The amount of superannuation released early to pay for medical bills has increased by almost a third, to $278 million last year.

Kelly O’Dwyer, said it was important to “strike an appropriate balance between protecting people’s retirement savings and giving a lifeline to those facing genuine hardship”.
Kelly O’Dwyer, said it was important to “strike an appropriate balance between protecting people’s retirement savings and giving a lifeline to those facing genuine hardship”.

The amount of superannuation released early to pay for medical bills has increased by almost a third, to $278 million last year, as Australians find new ways to cover rising health costs.

The surge came as the federal government grappled with whether to rewrite the compassionate-access rules for super to prevent small drawdowns ­becoming a larger long-term ­reduction in retirement savings.

The Australian has previously revealed a fivefold increase in the number of applications for early access to super, partly driven by an increase in obesity rates and health industry marketing.

At one point, more than half of the applications were specifically for bariatric surgery, on the grounds it would treat a life-threatening illness or alleviate acute or chronic pain, as determined by a doctor.

New figures show the number of early-access applications ­approved on medical grounds, the predominant reason, jumped from 15,132 in 2016-17 to 19,060 last year. The total amount ­approved for release surged from $210,119,410 to $277,938,340 — a 32.28 per cent increase — while the average increased to $14,482.

A Treasury review of the early-access laws was launched almost a year ago and was due to report in March.

 
 

The then assistant treasurer, Kelly O’Dwyer, said it was important to “strike an appropriate balance between protecting people’s retirement savings and giving a lifeline to those facing genuine hardship, whilst ensuring the rules can be administered fairly and effectively”.

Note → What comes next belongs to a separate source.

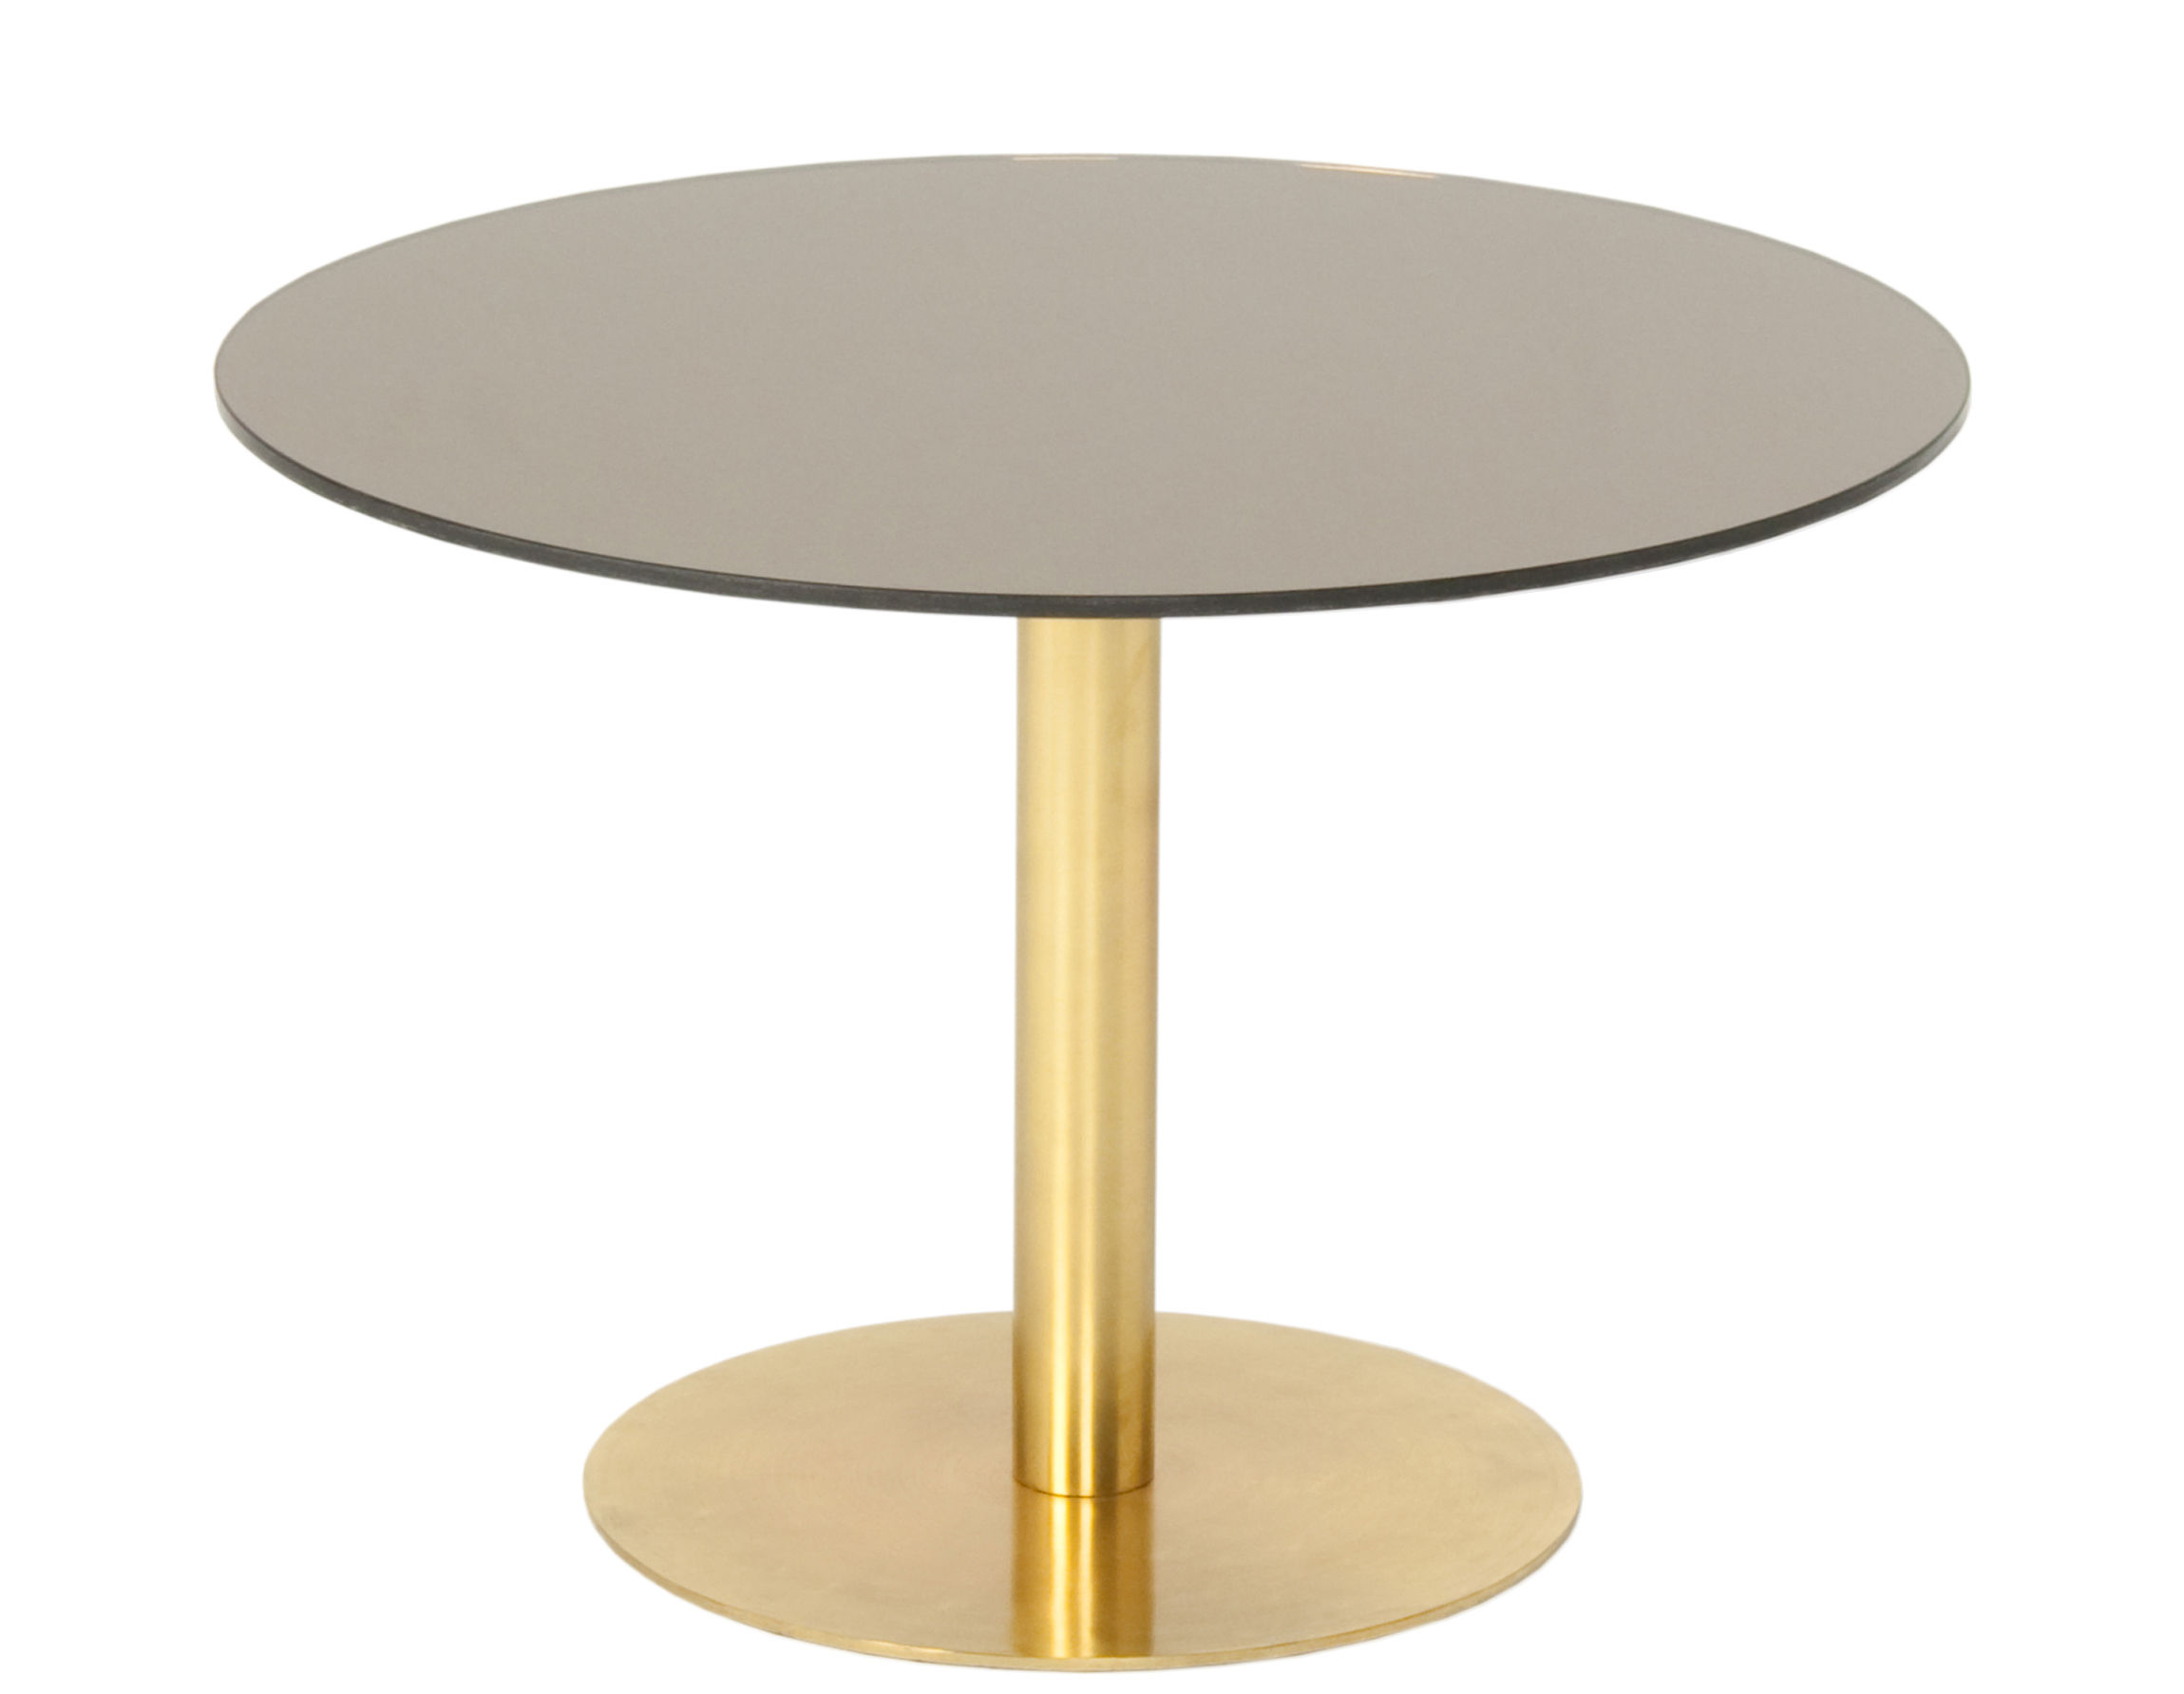 mobilier tables basses table basse flash o 60 cm tom dixon

However, the government has yet to act on the review and the ­responsible minister has also changed. A spokesman for new Assistant Treasurer Stuart Robert would say only that “the government is considering the feedback received during the consultation process”.

Meanwhile, Health Minister Greg Hunt has been working on reforms to reduce cost pressures in private health, with a taskforce to recommend measures to deal with consumer concerns over unexpected out-of-pocket expenses.

One solution may be allowing GPs to give referrals to a shortlist of specialists, allowing the patient to seek out quotes before making a final decision.

While health costs are rising above the rate of inflation, gap fees are increasing and insurance coverage is declining, the Australian Bureau of Statistics has found no evidence these trends are forcing more people to go without healthcare.

The annual ABS patient experiences survey, released yesterday, showed the proportion of people who delayed or avoided a specialist appointment due to cost in 2017-18 was 7.9 per cent. That was up from 7.3 per cent the year before but within the margin of error, and lower than the survey results from the previous two years.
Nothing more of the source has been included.